Case-control study of the frequency of thrombophilic disorders in couples with late foetal loss and no thrombotic antecedent--the Nîmes Obstetricians and Haematologists Study5 (NOHA5).

BACKGROUND: Women with familial thrombophilia have an increased risk of still birth. We postulated that the presence of asymptomatic risk factors for venous thrombosis might be a risk factor for late foetal loss. METHODS: We performed a case-control study on the prevalence of heritable thrombophilic defects, of antiphospholipid-related markers and of the C677T mutation in the methylenetetrahydrofolate reductase (MTHFR) gene in patients with at least one episode of late unexplained foetal loss and in control women with successful pregnancies. Partners of cases and controls were also studied. Written conclusions of the pathological examination of the placentas, when available, were also reviewed. RESULTS: We found at least one positive biological risk factor for venous thrombosis in 21.1% of the patients and in 3.9% of the controls (p < 10(-4)). In women, the crude odds ratio for still birth associated with any positive biological risk factor for venous thrombosis was 5.5, 95% confidence interval (95%CI) [3.4-9.0]. No difference was found between partners of cases and controls (5.2% and 4.7%). Using conditional logistic regression analysis, 4 adjusted risk factors for still birth remained: protein S deficiency, positive anti beta2 glycoprotein I IgG antibodies, positive anticardiolipin IgG antibodies and the factor V Leiden mutation. The C677T mutation in the MTHFR gene was not an individual risk factor but an homozygous genotype was strongly associated with the former 4 risk factors (16.8% of patients vs. 0.9% of controls).

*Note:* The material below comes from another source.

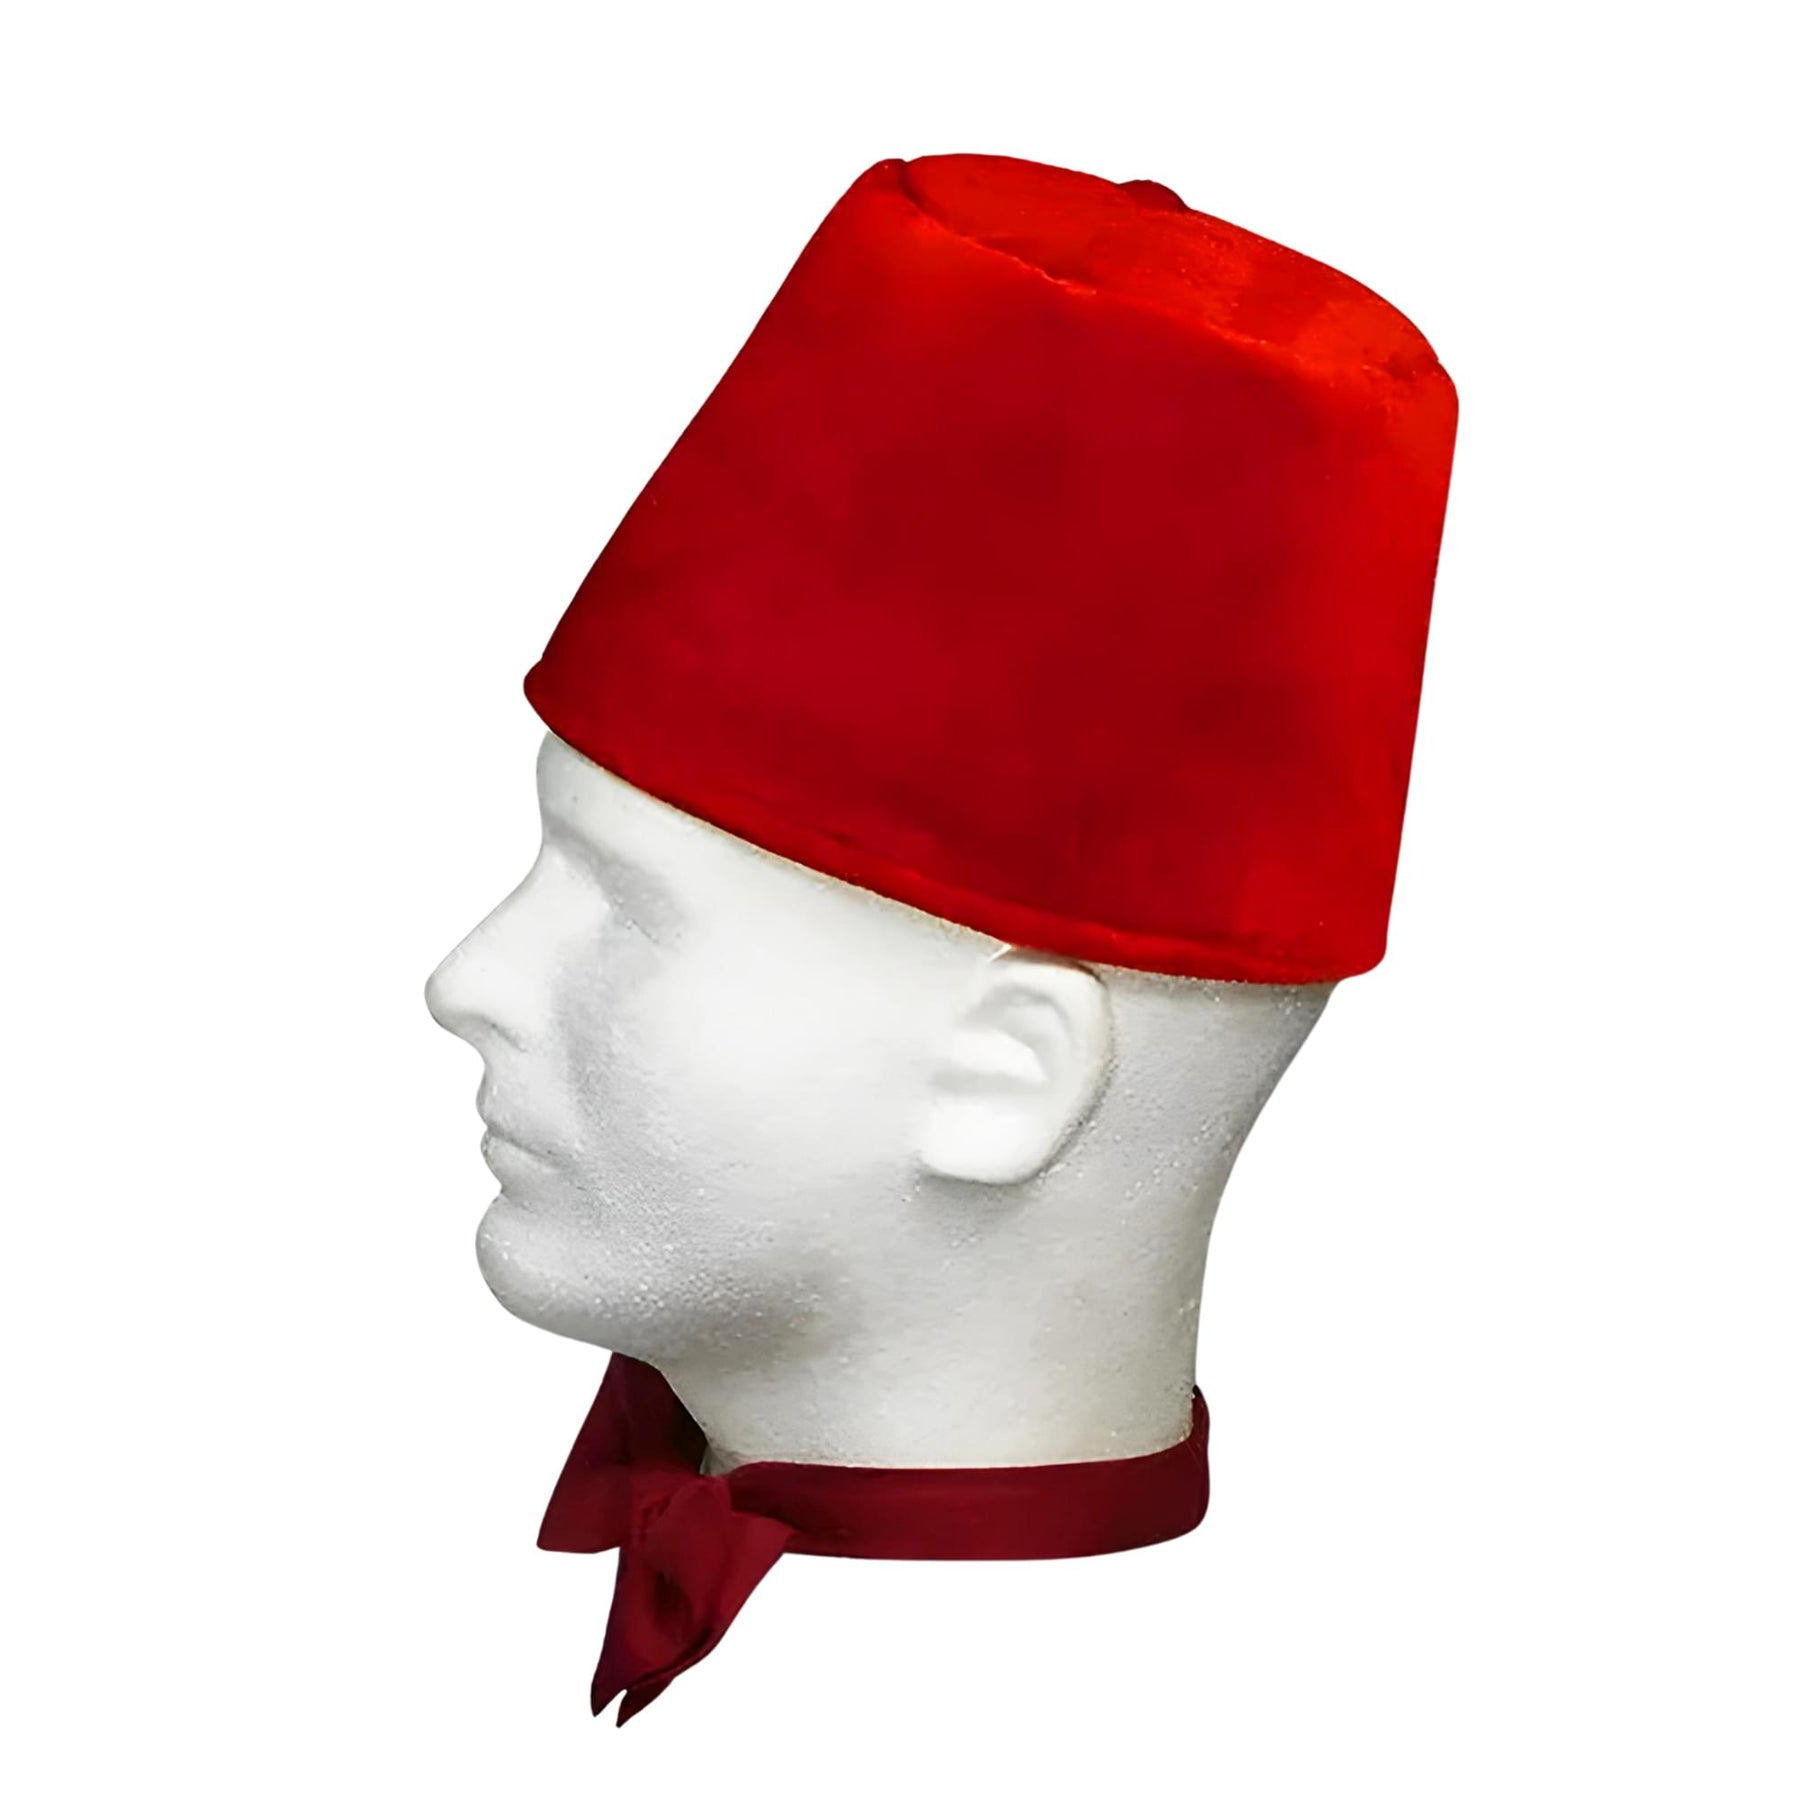 Dr. Who Fez Bowtie Officially Licensed Costume Set

In women with such associations, still births always occurred in absence of folic acid supplementation during pregnancy. Available conclusions of pathological analysis of placentas were found to have a very high proportion of "maternal vascular disease of the placenta" in patients with at least one positive risk marker for thromboembolism, specially in case of association with the C677T MTHFR homozygous genotype, compared to patients with negative markers (p <10(-4)). CONCLUSIONS: Late foetal loss, through placenta thrombosis, may sometimes be the consequence of a maternal multifactorial prothrombotic state associating traditional heritable or acquired thrombosis risk factors to conditions predisposing to an acute mild hyperhomocysteinaemia (coexistence of a genetic predisposition with late pregnancy-related increased folate needs).